- STEP 1
Mix all meatball ingredients gently and thoroughly. Optionally, leave the mixture to rest for around an hour in a cold place.
- STEP 2
Create meatballs, around 3 to 5cm diameter. Use a little bit of cooking oil on your palms while rolling to seal.
- STEP 3
Dice the onion and tomatoes and blend them into a paste.
- STEP 4
Put around 3 tbsp of cooking oil in a pot. Add cumin seeds, cloves, black pepper kernels, cinnamon stick and fry for half a minute and then add ginger garlic paste.

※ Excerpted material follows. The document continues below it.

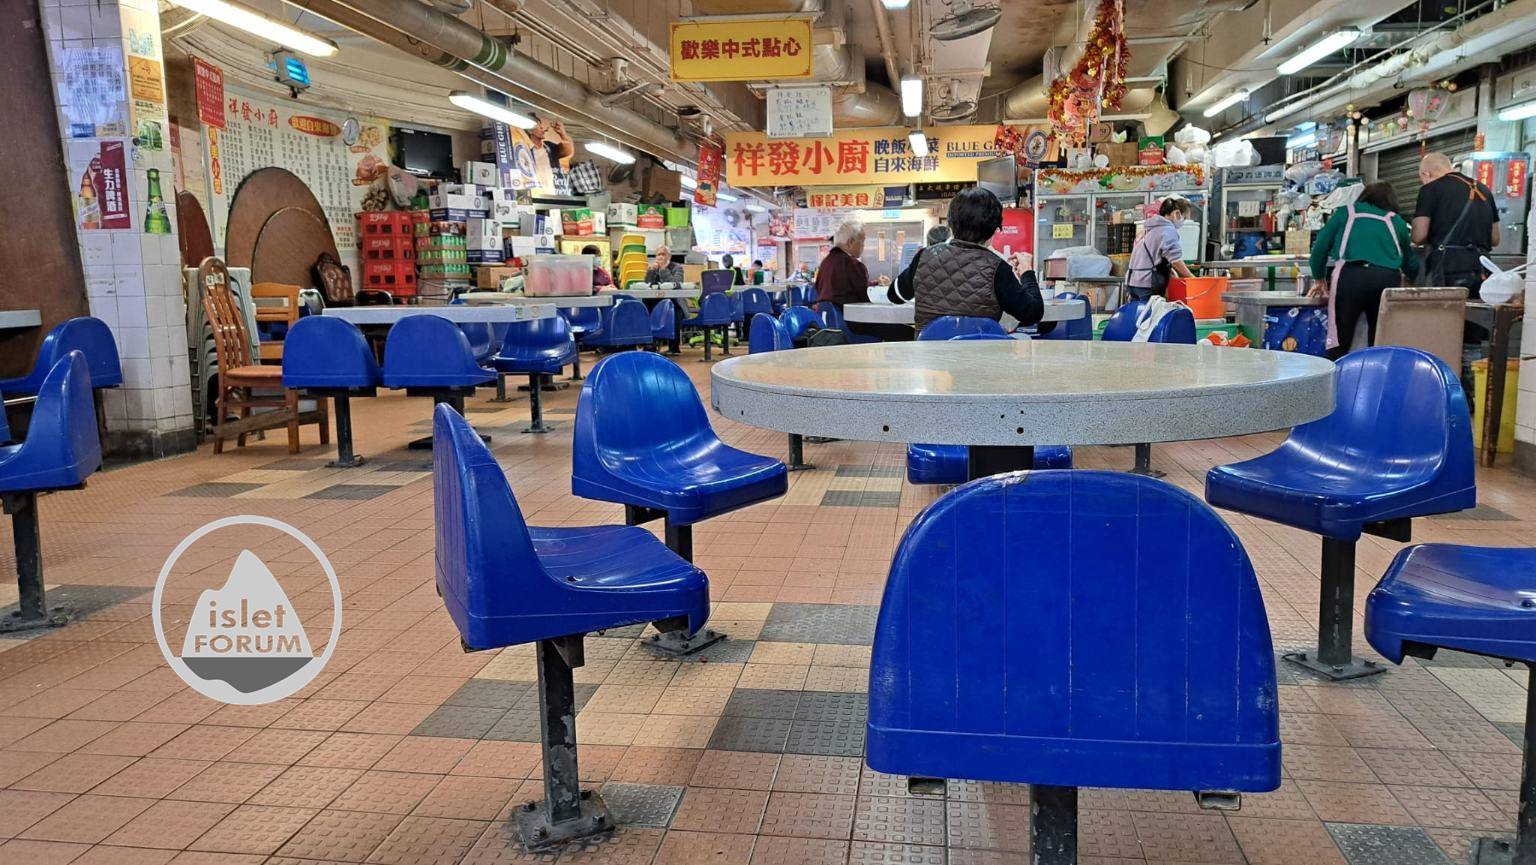 香港的熟食中心枱凳 Cooked Food Center Bench Stools in Hong Kong (2).jpg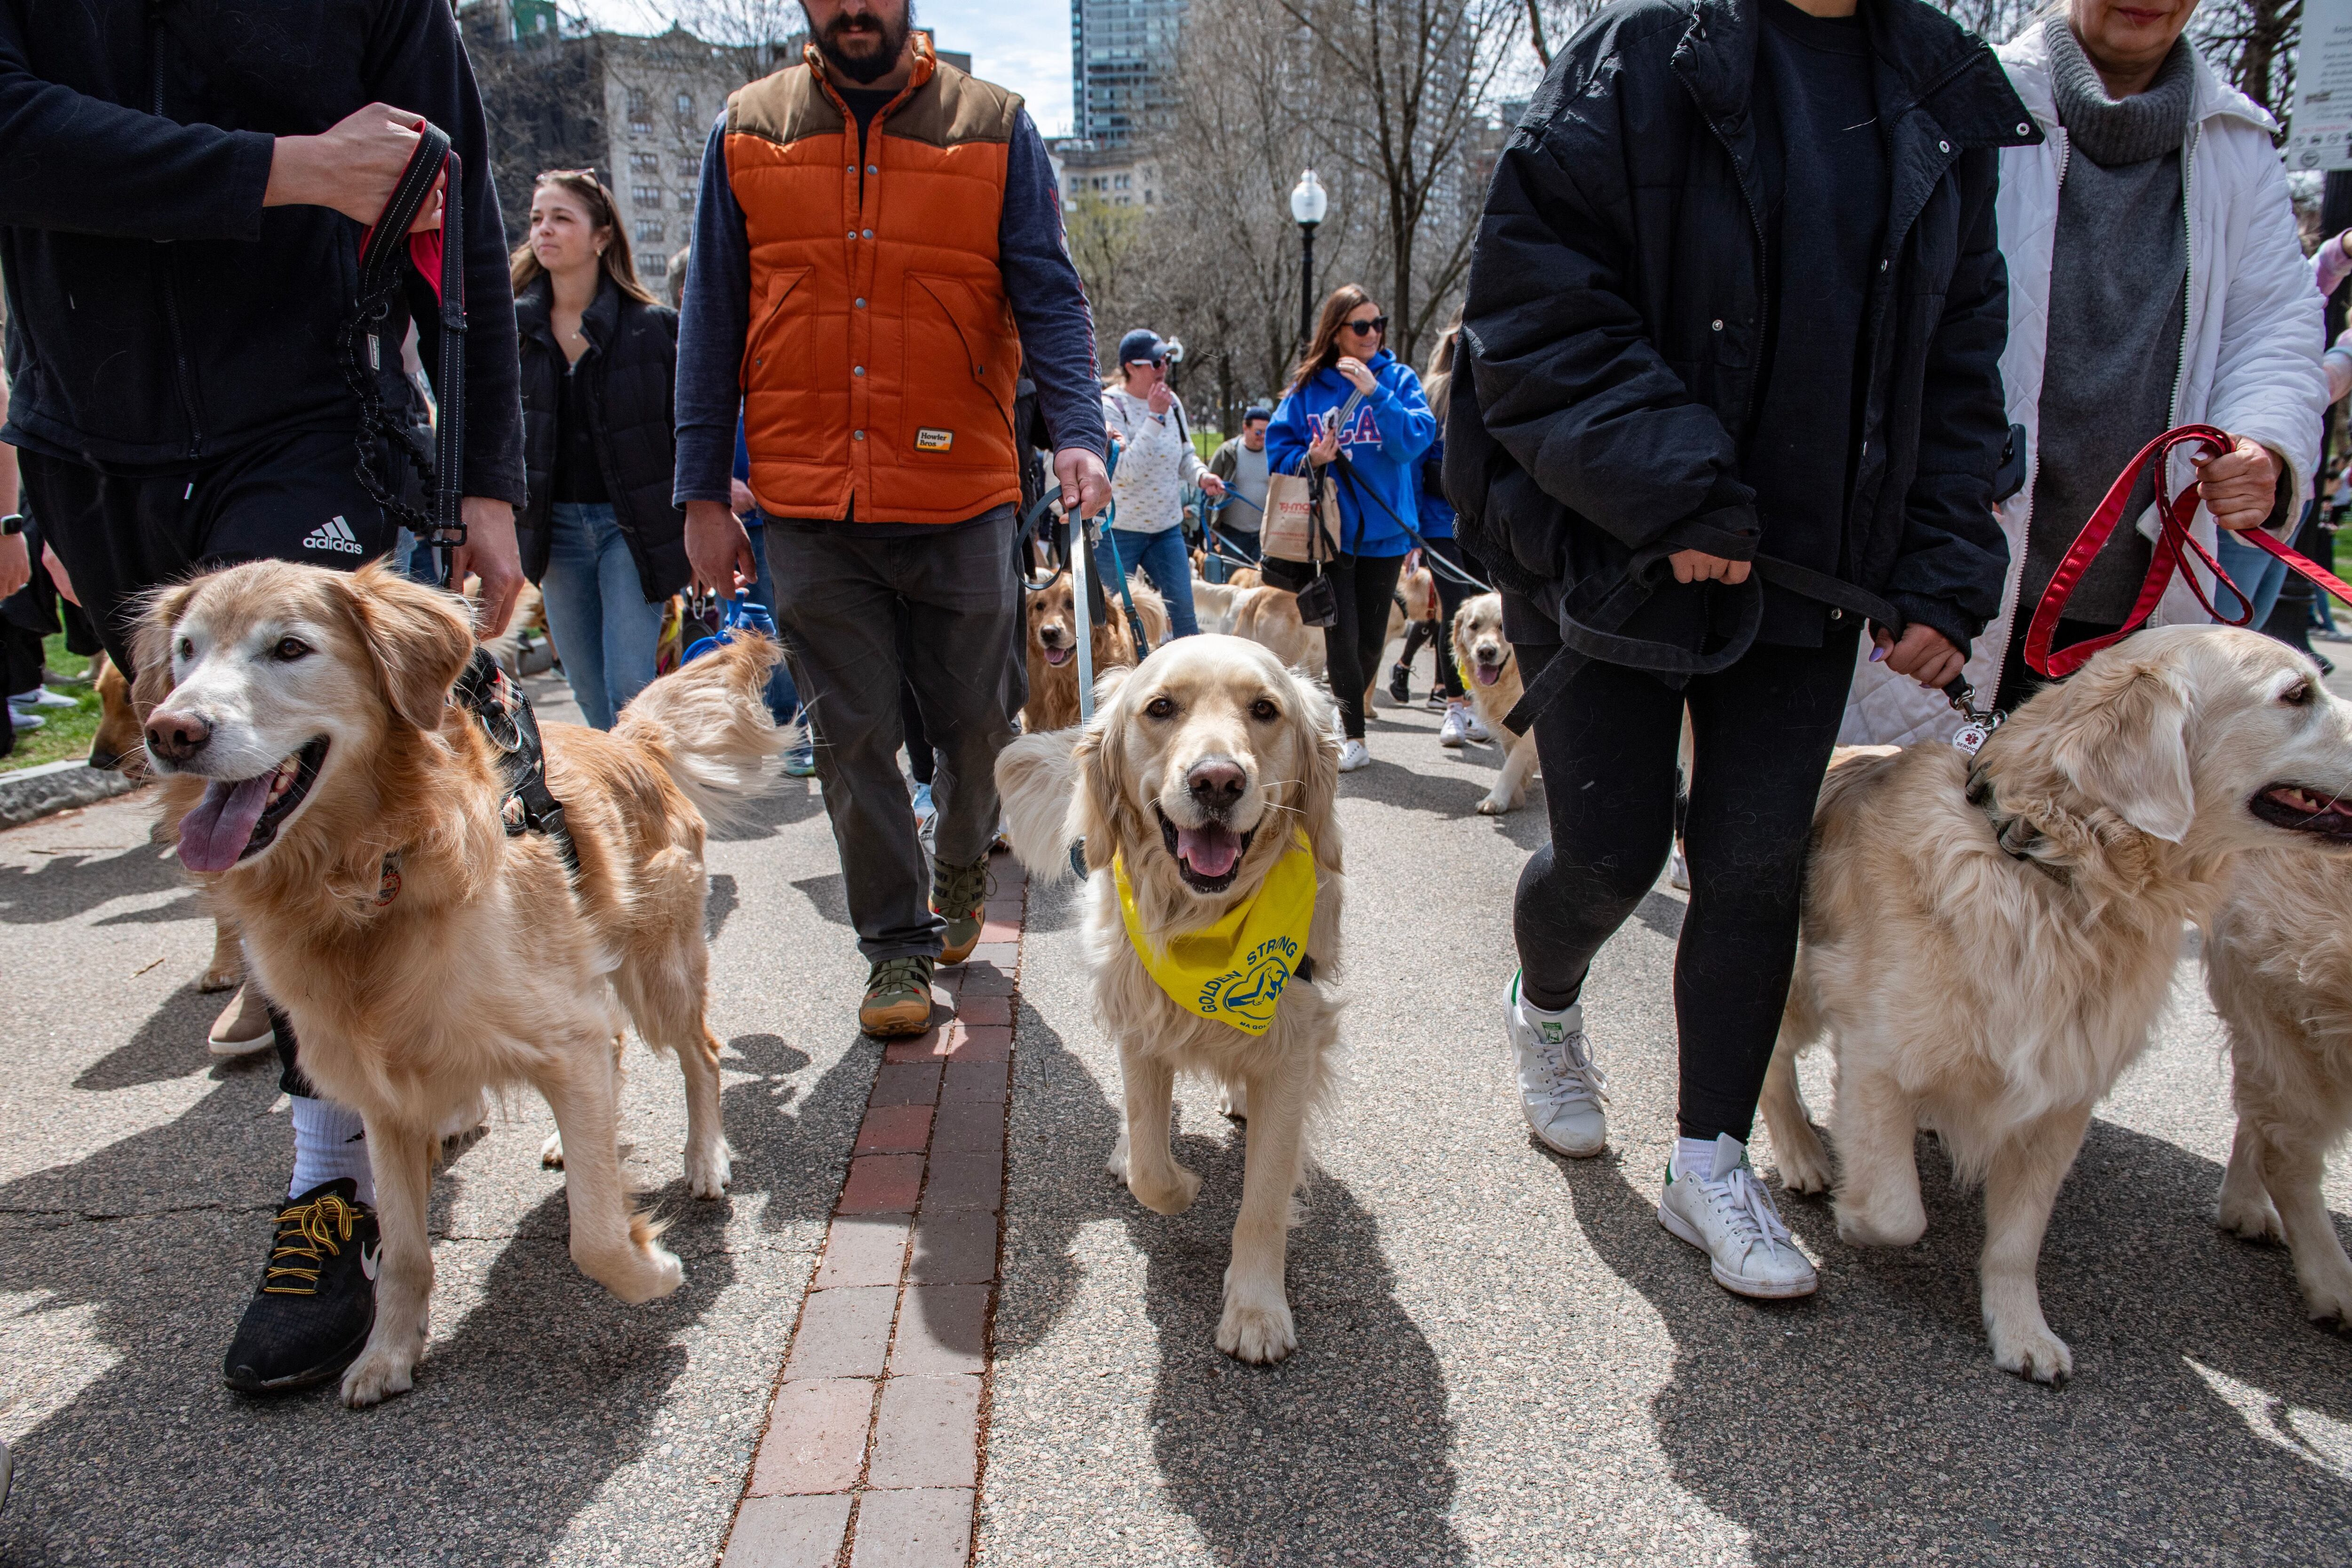 Además de la reunión, los dueños pasearon a sus golden retrievers desde Boston Common hasta el Massachusetts State House. (AFP/Joseph Prezioso).Golden retrievers, perros, razas de perros, animales, mascotas, Boston Marathon, Boston, Massachusetts, noticias de animales, noticias de mascotas.

After another half a minute, add the onion tomato paste and cook on medium flame.
- STEP 5
While the paste is cooking, shallow fry the meatballs to give a little bit of texture and taste. This will help them bind when cooked later. Add chopped coriander.
- STEP 6
Once the paste is cooked (takes around 12-15 mins), the paste will thicken and the oil will rise to the top. Add the meatballs gently and stir a little to coat them with the paste. In a couple of minutes, add a little bit of water and let it cook for around 10 minutes on med ium flame and another 5 minutes on low flame. Stir gently as needed.
- STEP 7
Serve with roti - flatbreads or nan bread as preferred.